Jun 16, 2004 | Q
I mean, this can’t be real, can it? Burning in your audio component cables to get better sound? I guess if you’re the kind of person who’s willing to drop between $500 and $750 on a freakin’ power cable, you might want to make sure that cable is burned in!
I am BSEE and a professional broadcast engineer.
I can tell you with complete certainty that people do actually spend that kind of money on things like those cables.
I can also tell you with complete certainty that it is a complete scam and that you do not ‘break in’ cables. Modern snake oil.
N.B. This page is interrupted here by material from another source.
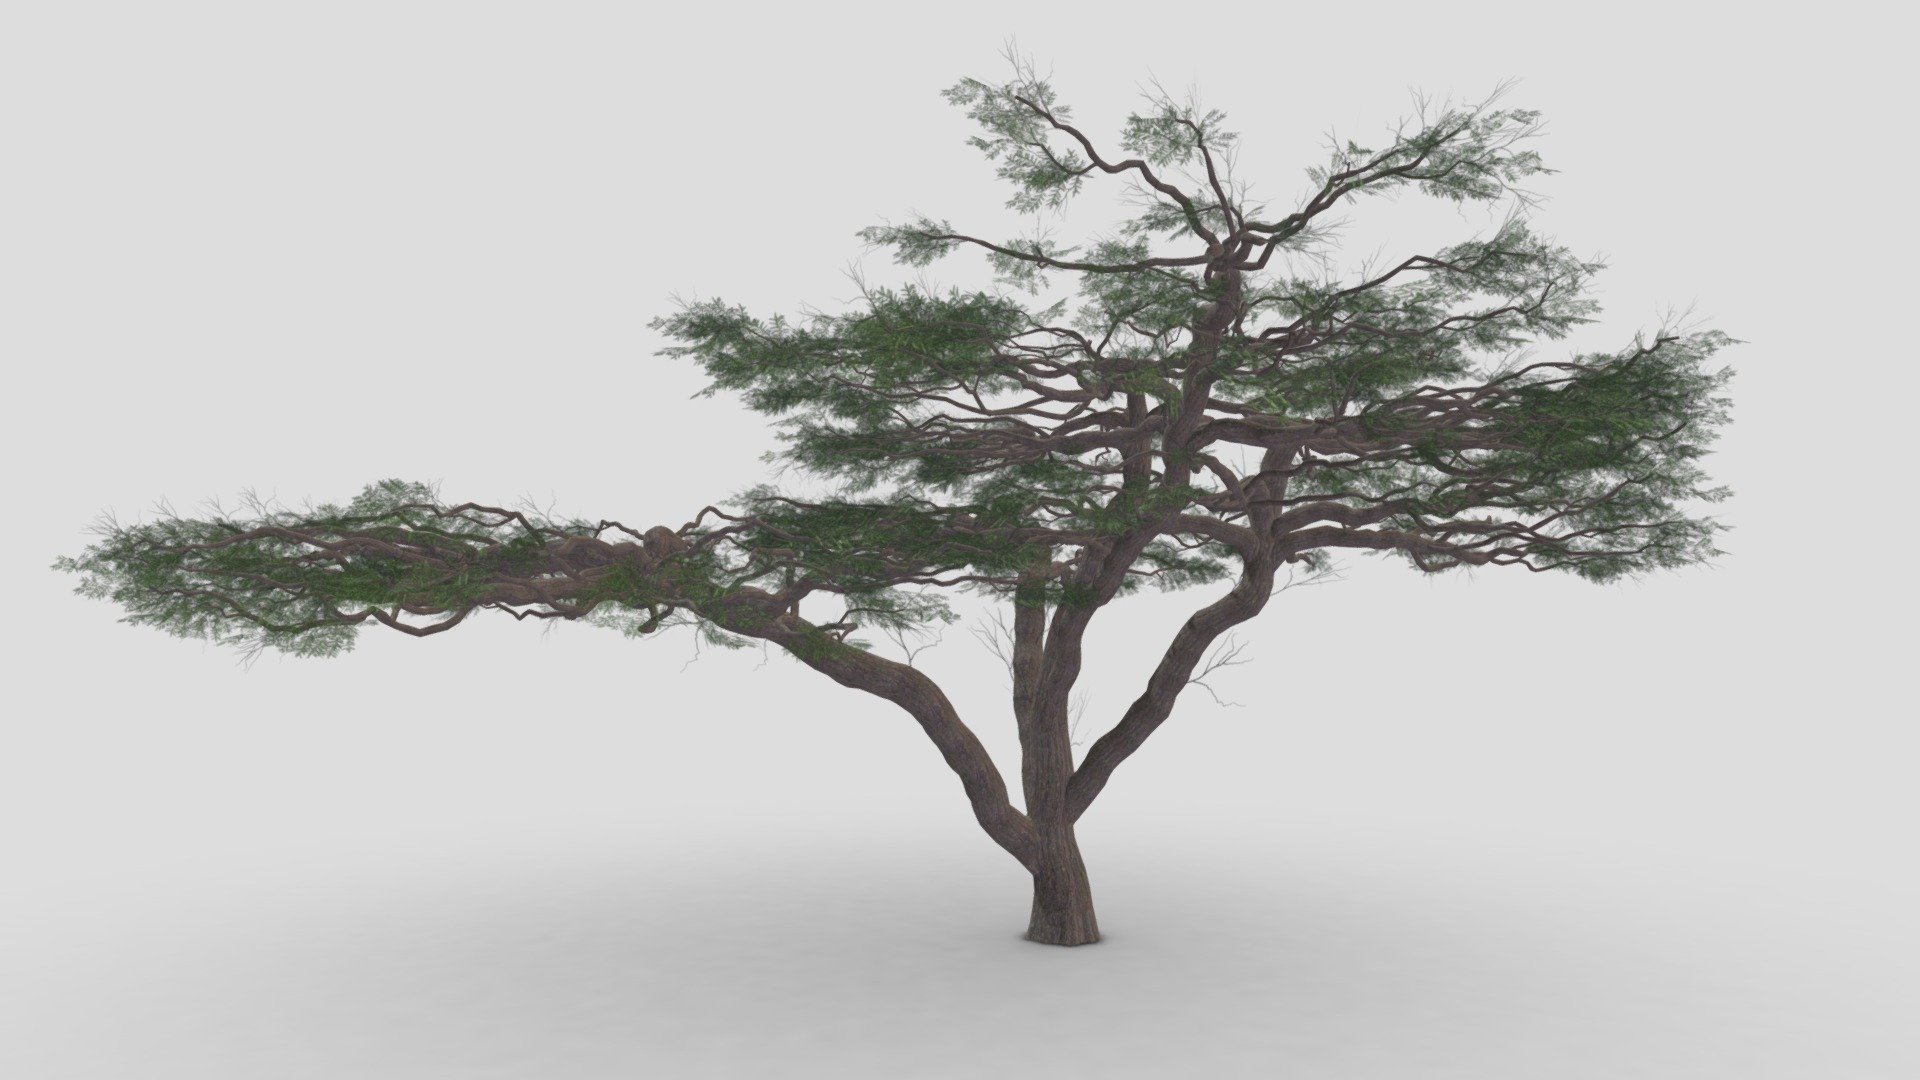 acacia, (genus Acacia), genus of about 160 species of trees and shrubs in the pea family (Fabaceae). Acacias are native to tropical and subtropical regions of the world, particularly Australia (where they are called wattles) and Africa, where they are well-known landmarks on the veld and savanna 3d model

There have been many, many arguements about hifi cabling between engineers and ‘audiophiles’ and it all comes down to impedance and shielding, both of which you can objectively measure. Anyone that tells you otherwise is selling something.
Personally, I use cheap zip cord to wire speakers and it works great.
• Posted by: Michael on Jun 17, 2004, 12:32 AMI’m a dumb AE and not a sparky, but I sit around the EEE parts conversations at work, and best as I know, all burning a cable in does is prove that the workmanship is good.
This only makes sense in six-sigma situations where you have to have the thing work no matter what. Just lately we’ve been working with a Teflon-encapsulated heater element for spaceflight that started to de-laminate due to contamination on the surface of the element. The burn-in on these heaters was really minimal and didn’t pick up the contamination; only our acceptance testing did. [Of course, that was several months down the line, and it meant that we got to get new heaters … but hey, without a launch vehicle, who worries about schedule? ;)]
But getting better performance out of burned-in cables? That’s preposterous.